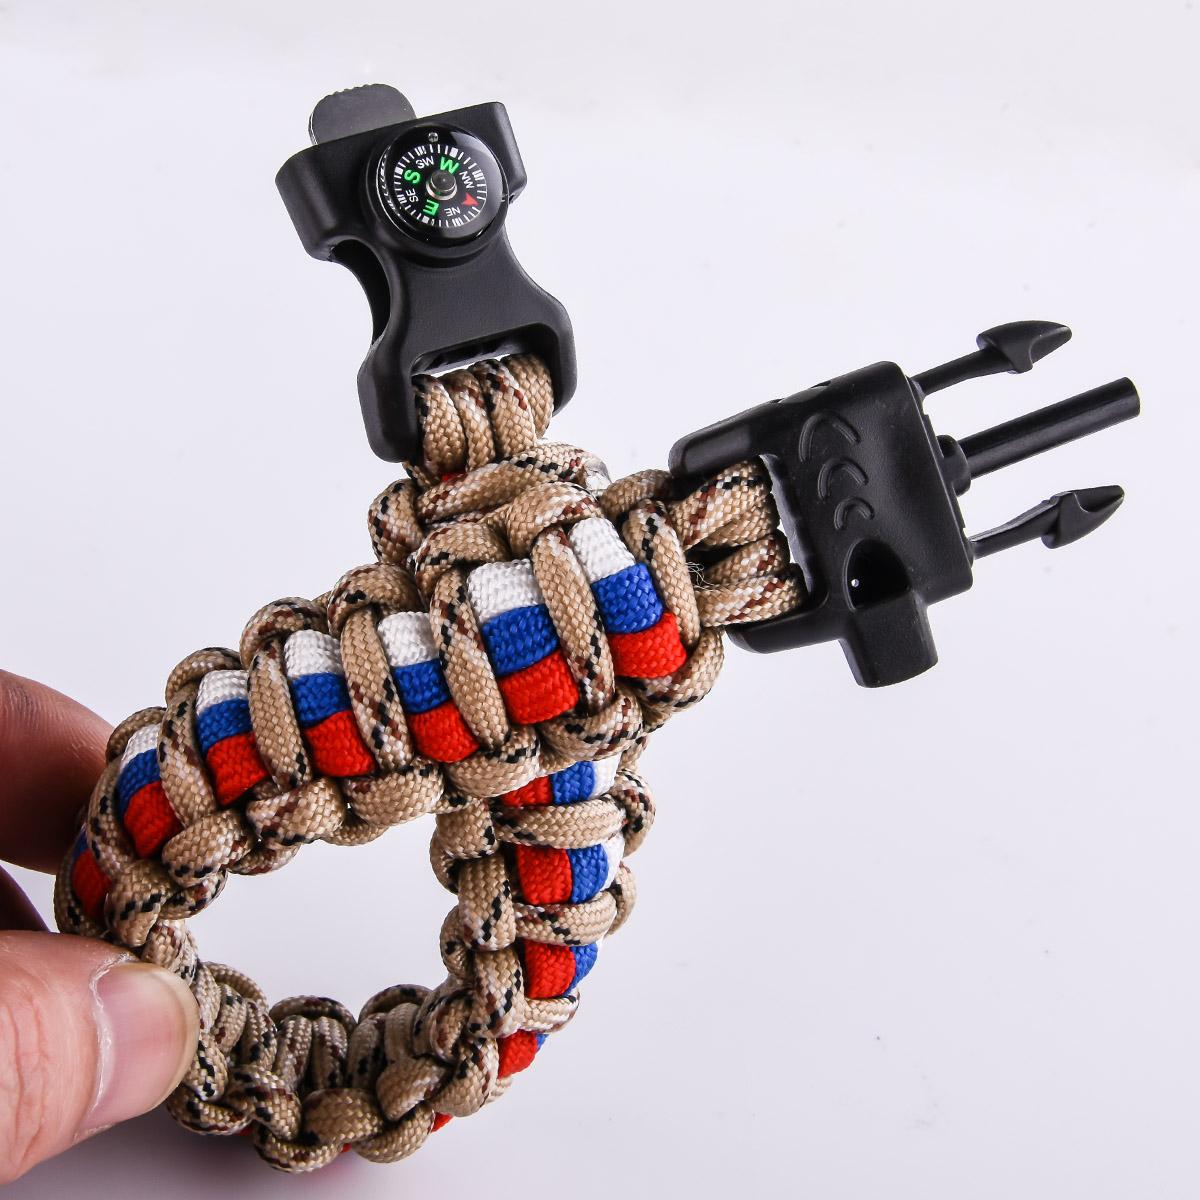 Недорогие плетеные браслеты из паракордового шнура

* * *

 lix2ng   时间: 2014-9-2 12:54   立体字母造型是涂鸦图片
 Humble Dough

(What to produce) Using the data above, reproduce exactly the lines between those holding "时间: 2014-9-2 12:54" and "Humble Dough", inclusive, and no others.

(Exercise result)
 lix2ng   时间: 2014-9-2 12:54   立体字母造型是涂鸦图片
 Humble Dough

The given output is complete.